Gecos uses scikit-image to convert between L*a*b* and RGB space. However, the scikit-image function requires a specific shape for the array of colors. The following functions wrap the scikit-image functionality, generalizing it for any shape.

gecos.rgb_to_lab(rgb)[source]

Convert one or multiple RGB color(s) to Lab color(s).

Parameters
rgbarray-like, shape=(…, 3)

The color to be converted. The only restriction on the array shape is that the length of the last dimension must be 3. RGB values are in range (0,1).

Returns
labndarray

The converted color.

gecos.lab_to_rgb(lab)[source]

Convert one or multiple Lab color(s) to RGB color(s).

Parameters
labarray-like, shape=(…, 3)

The color to be converted. The only restriction on the array shape is that the length of the last dimension must be 3.

Returns
rgbndarray

The converted color. RGB values are in range (0,1).

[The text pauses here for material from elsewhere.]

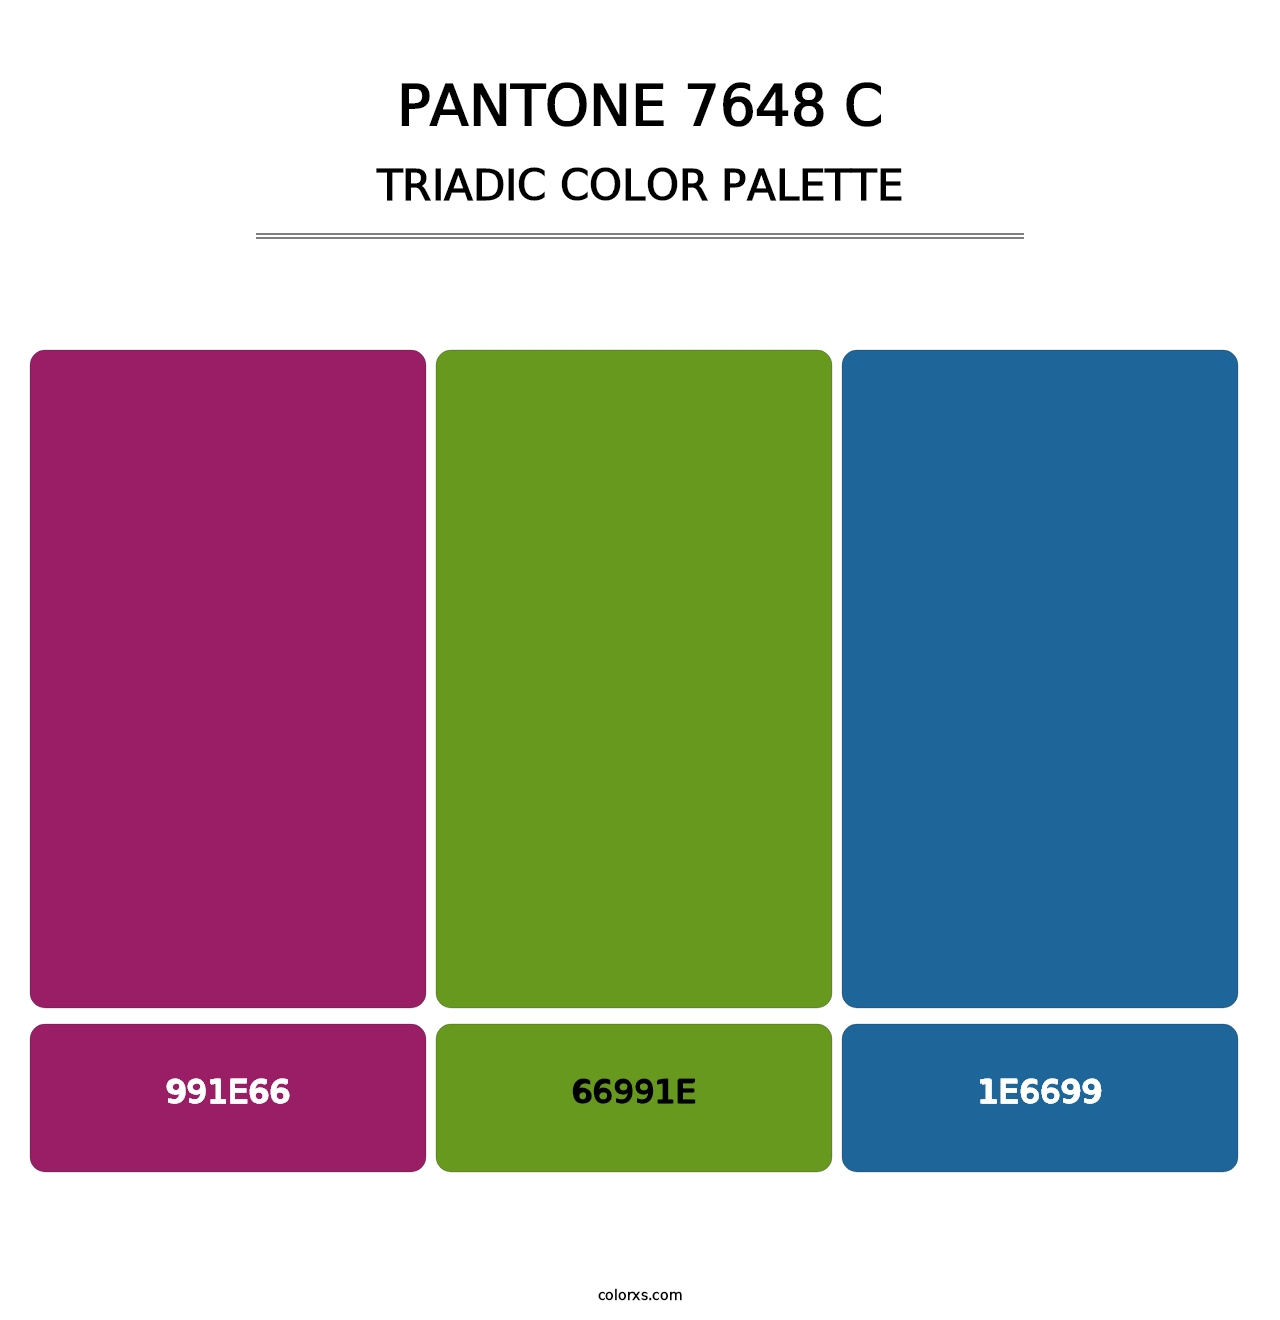 PANTONE 7648 C - Triadic Color Palette

In order to create a color scheme, the boundaries of the L*a*b* color space must be known. For this purpose a ColorSpace object is used.

class gecos.ColorSpace(file_name=None)[source]

Create a color space, that spans the complete RGB gamut of the Lab color space. The Lab components are discretized into integer values.

A color space describes the boundaries of the color scheme to be generated. It uses the Lab color space. In addition to the inherent limit to colors, that can also be displayed in RGB space, further parts of the space can be removed by calling remove().

Parameters
file_namestr, optional

The path of a custom file to load the precalculated RGB convertible space from.

Attributes
shapetuple of int

The shape of the space, i.e. the amount of Lab values in each dimension.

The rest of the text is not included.